• Problem:
Using the data below, return word for word every line from the one holding "Eco Explorers: Leave" down to the one holding "Henry Miller (Pageant Magazine, 1958)". Leave pictures out.

Available records section start

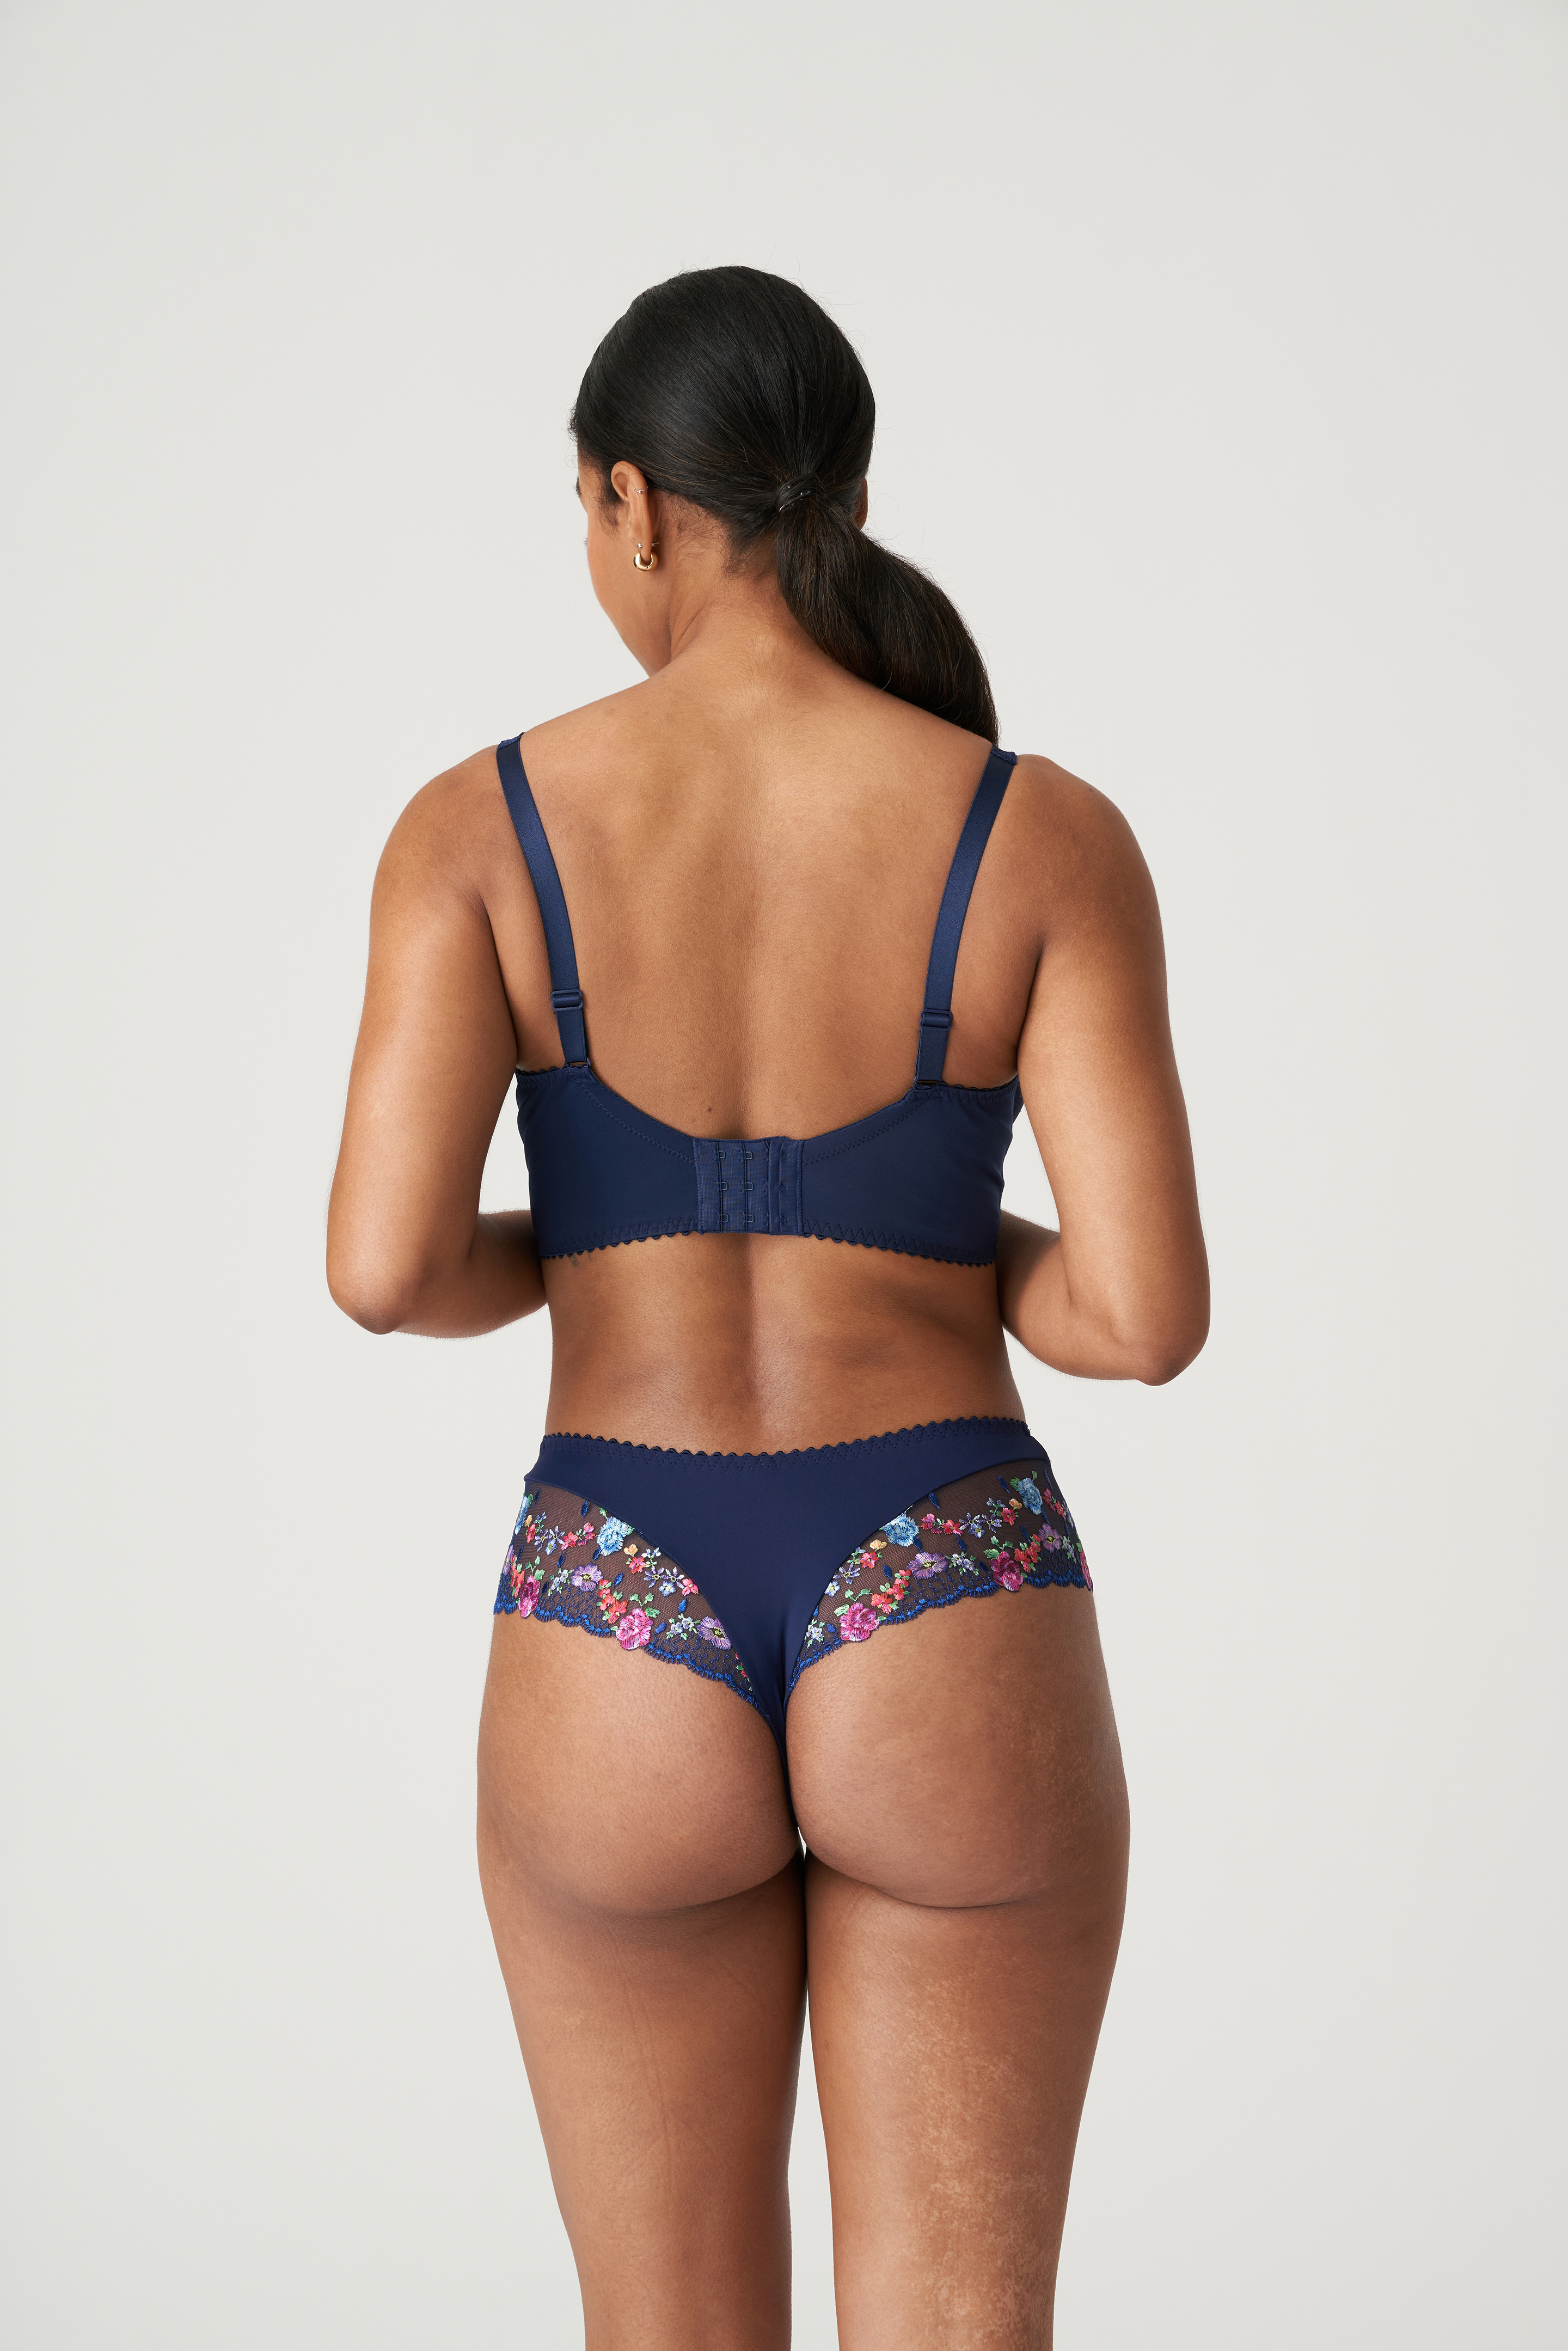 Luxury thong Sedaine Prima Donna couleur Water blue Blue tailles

Available records section end
Available records section start

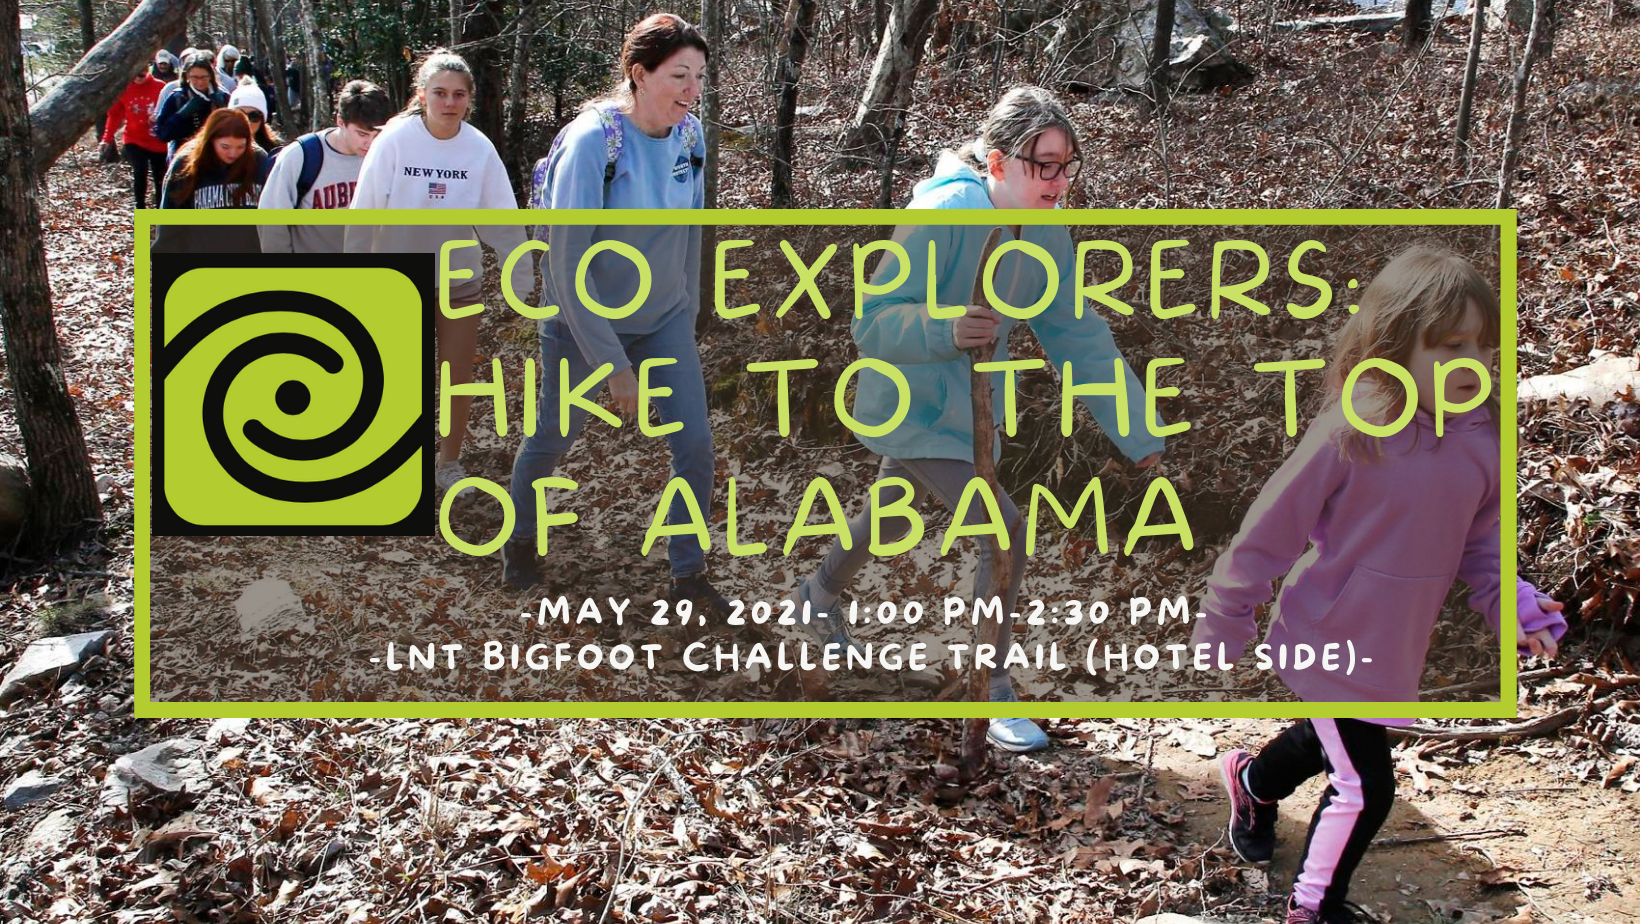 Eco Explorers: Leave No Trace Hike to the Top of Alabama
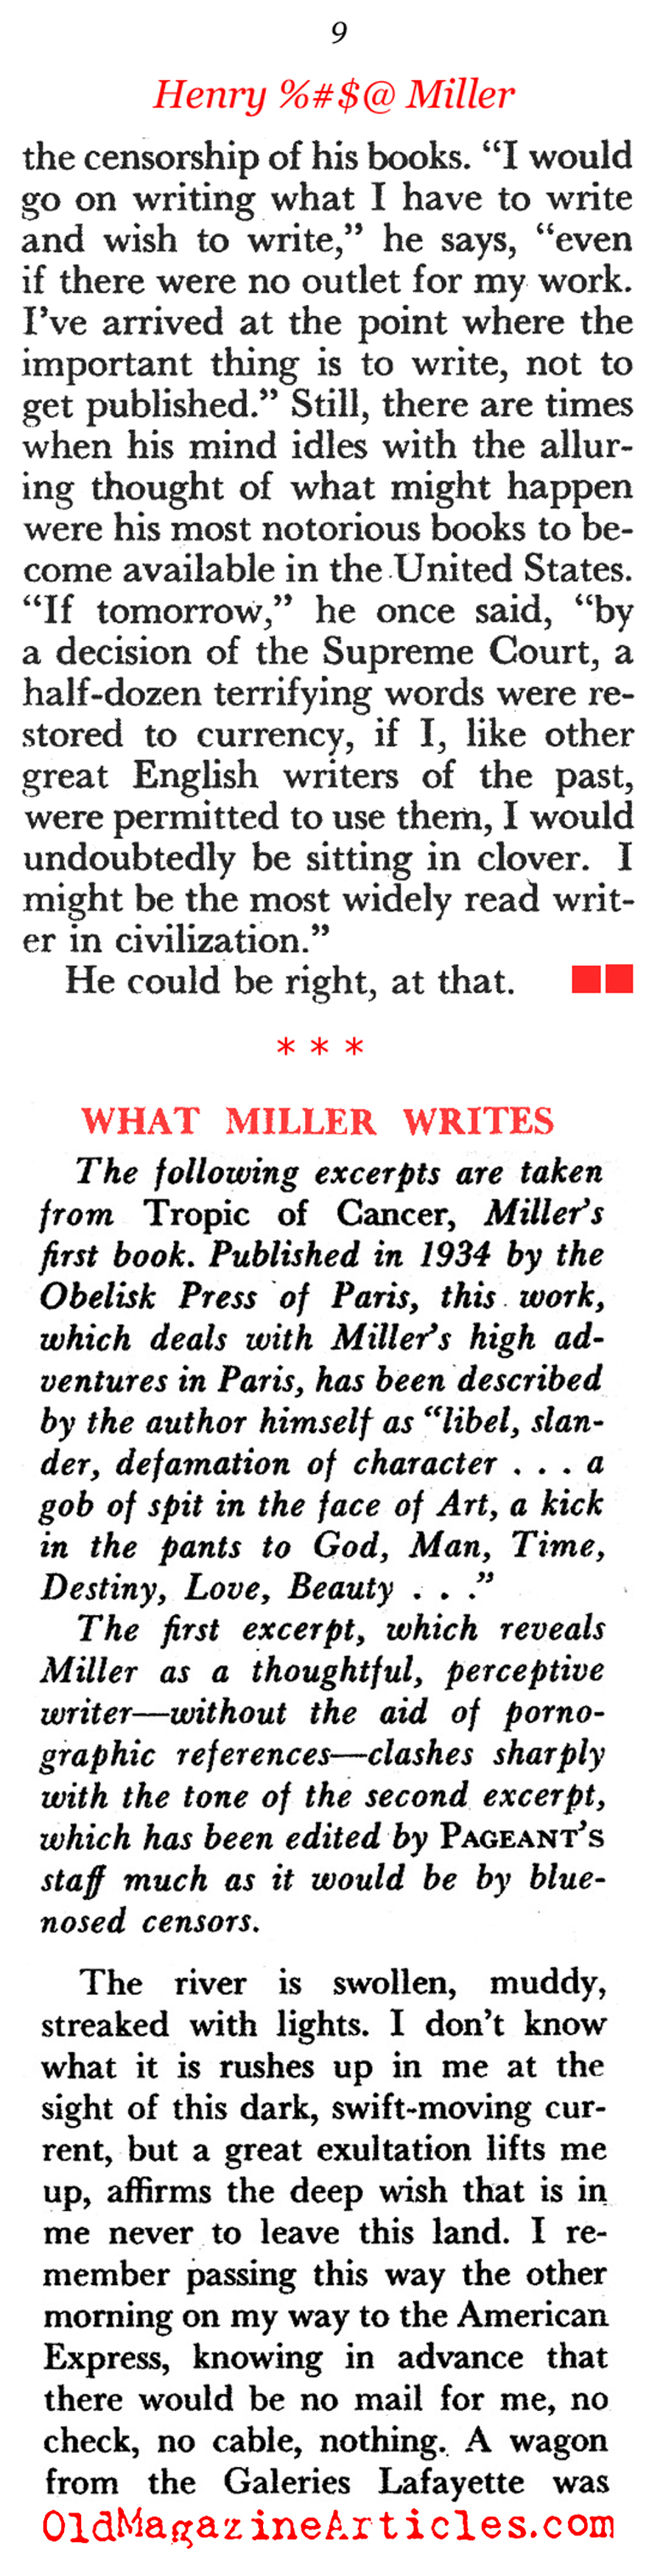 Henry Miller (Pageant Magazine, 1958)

Available records section end

• Output:
 Eco Explorers: Leave No Trace Hike to the Top of Alabama
 Henry Miller (Pageant Magazine, 1958)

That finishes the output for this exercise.